23rd Street Café, University Park
Individual food reviews:
Going into this I knew it was going to be indulgent, and indulgent it was. Two crispy fried vegetable samosas (filled mostly with potatoes) wedged between wheat bread, laced with mint and tamarind chutneys. Though it definitely wouldn’t qualify as particularly healthy (the wheat toast seems like a half-hearted attempt), this sandwich was definitely packed with flavor, texture, and fried tasty goodness. As a splurge, it was well worth the probably hefty amount of calories. I mean, how often can you find a sandwich stuffed with samosas??
Health: 1.5 out of 5 (if the bread was fried too it would be a 1; comes with lettuce, tomatoes, and whole wheat bread…but the fried samosas and starchiness are going to weigh you down)

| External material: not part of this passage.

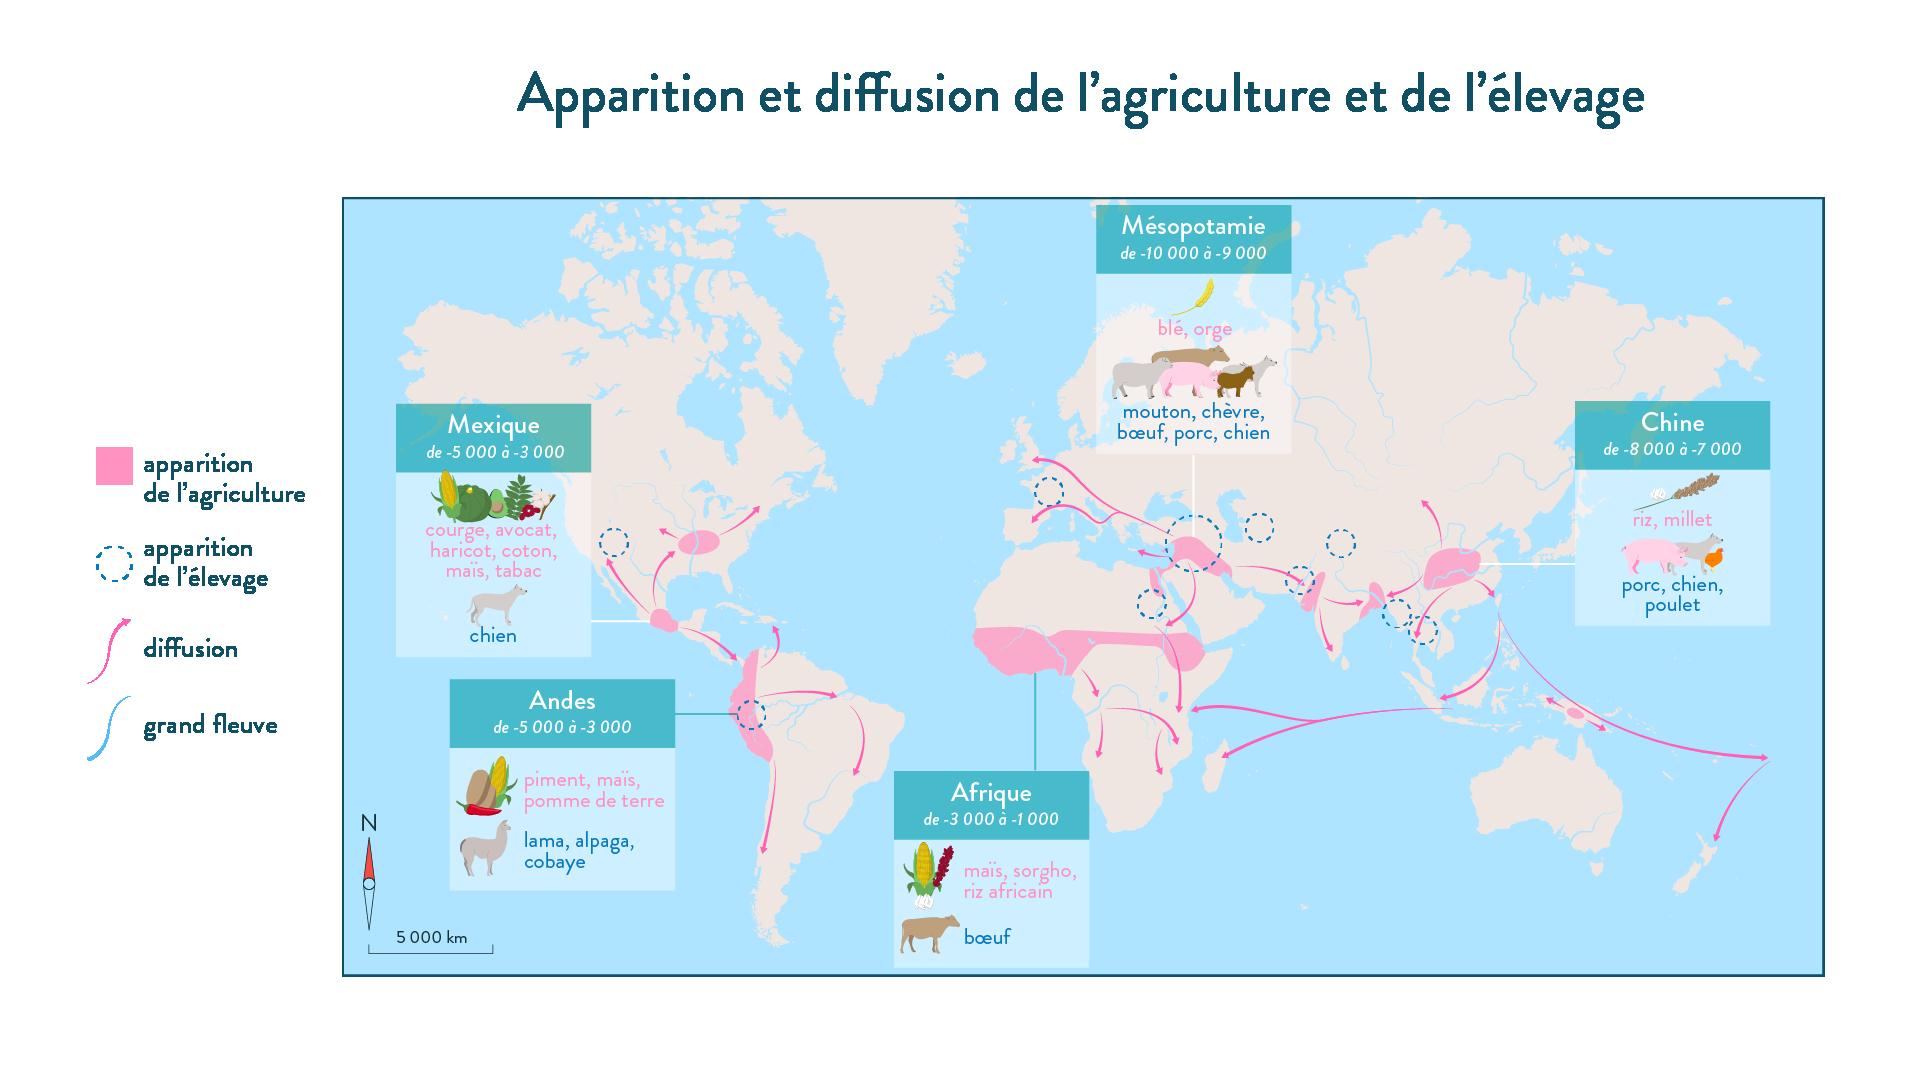 Apparition et diffusion de l'agriculture et de l'élevage-6e-Histoire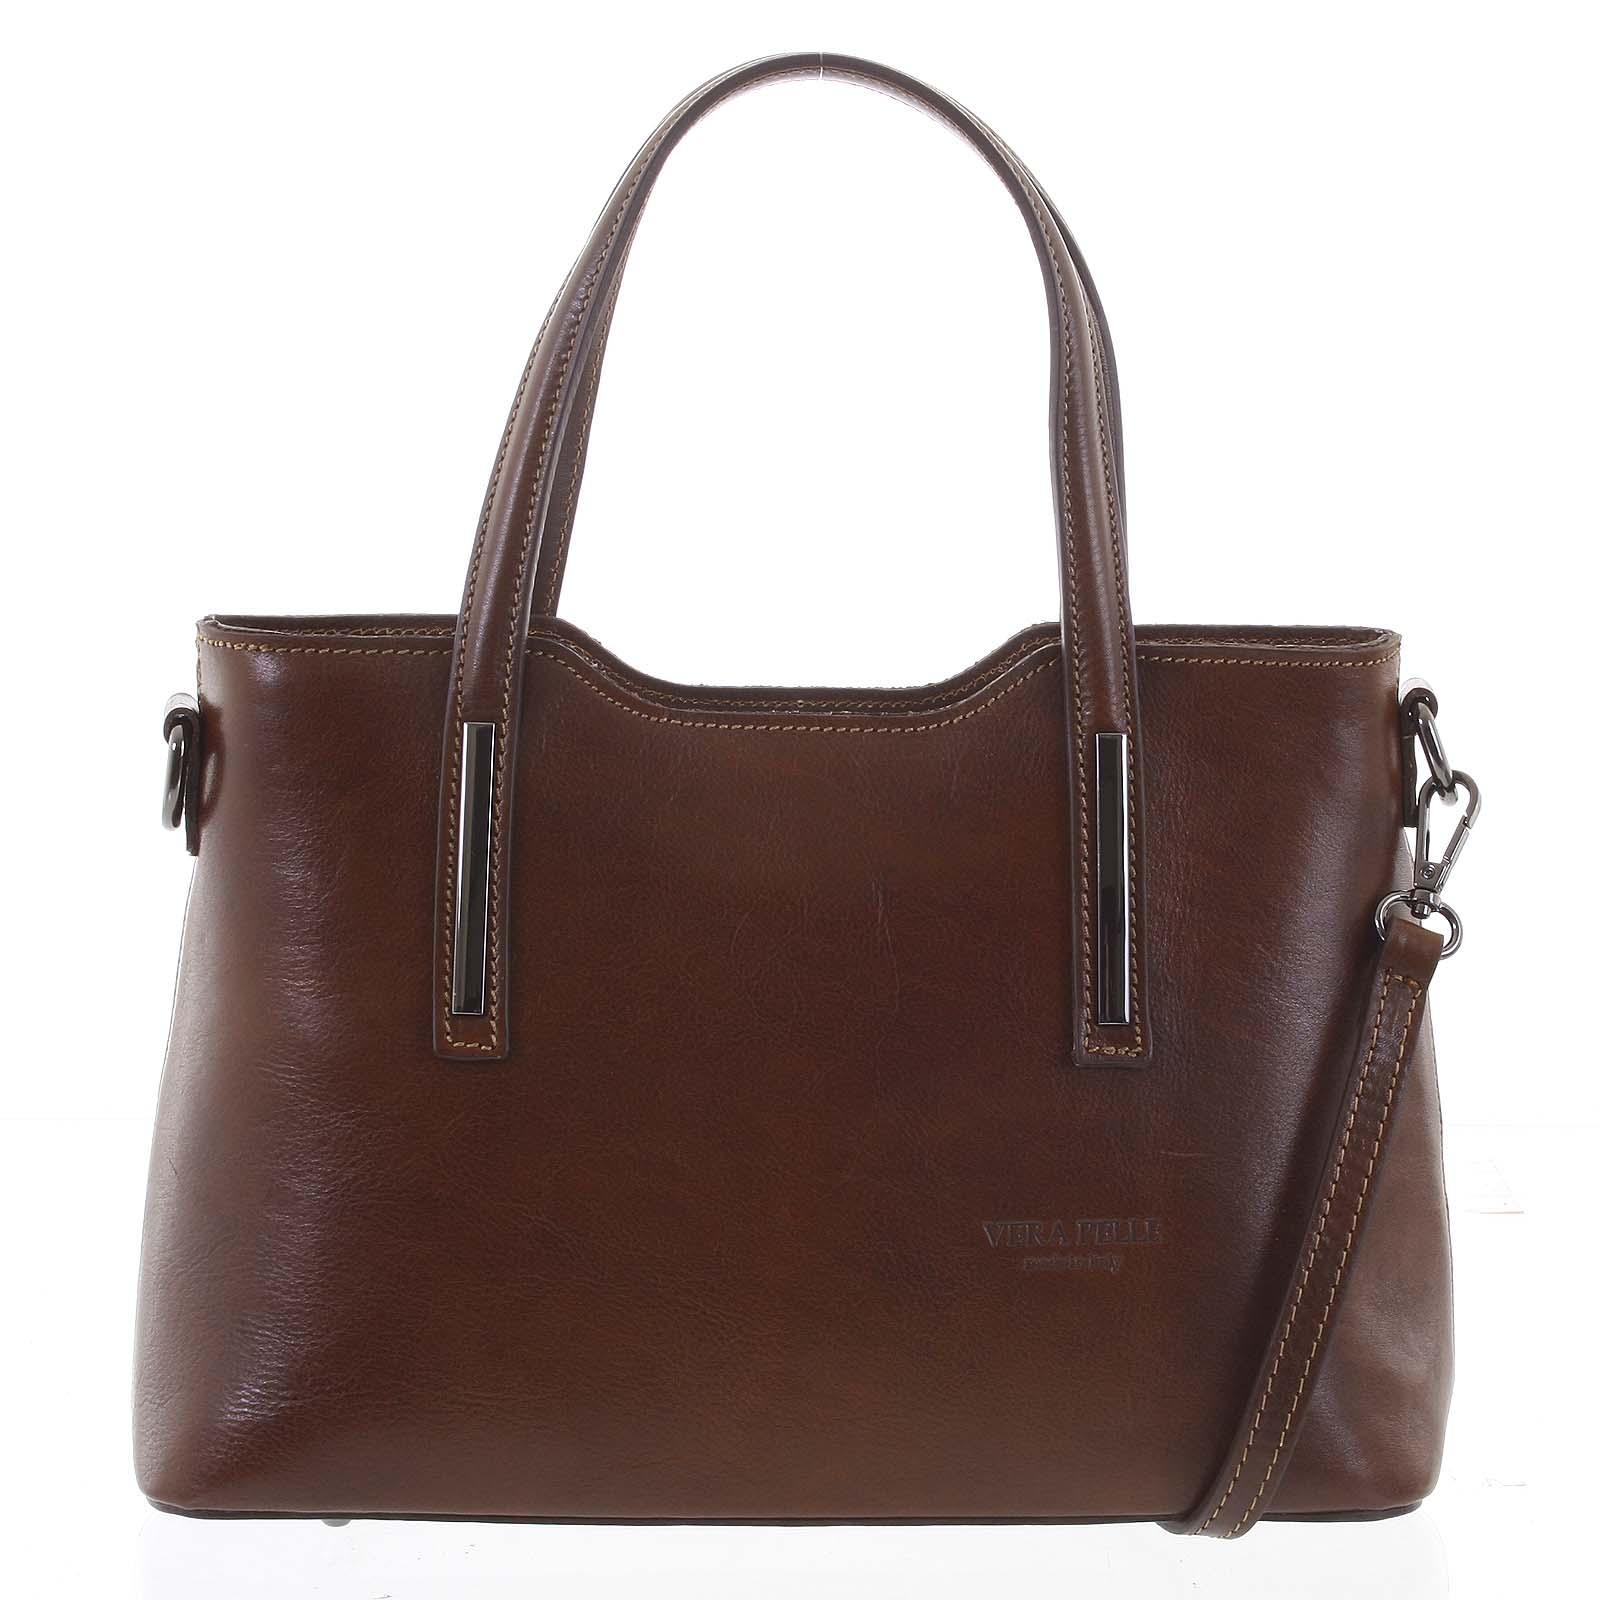 Stredná pevná kožená kabelka hnedá do ruky - ItalY Aello hnedá

Taste: 4 out of 5 (interesting, satisfying, a bit spicy)
Aloo Gobi Burrito
I was really excited at the prospect of this burrito. One of my favorite dishes when I visited India was aloo gobi (a spiced cauliflower and potato dish), so putting it in a burrito sounded pretty epic. Unfortunately, it didn’t live up to expectations. The aloo gobi just tasted like an insanely salty mush, and the rest of the burrito filling was mostly rice with some pinto beans mixed in. The burrito itself was definitely not the health-food variety of wrap, and probably contained a lot of fat as well as refined white flour. So basically, this is just a classic bean and rice burrito with a bit of salty veggies stuffed in. The other vegan fusion burrito on the menu is the Chole burrito, a mix of spinach, chickpeas, and burrito filling, which I would consider trying to compare.
Health: 1 out of 5 (oily, salty, starchy, with little to redeem itself except the bit of protein from pinto beans and slight bit of vegetables)
Taste: 1.5 out of 5 (I know its harsh, and other people might not be so picky, but a fusion burrito has to have a nice balance of flavors, and this just tasted like a salty bean and rice burrito. Fusion fail!)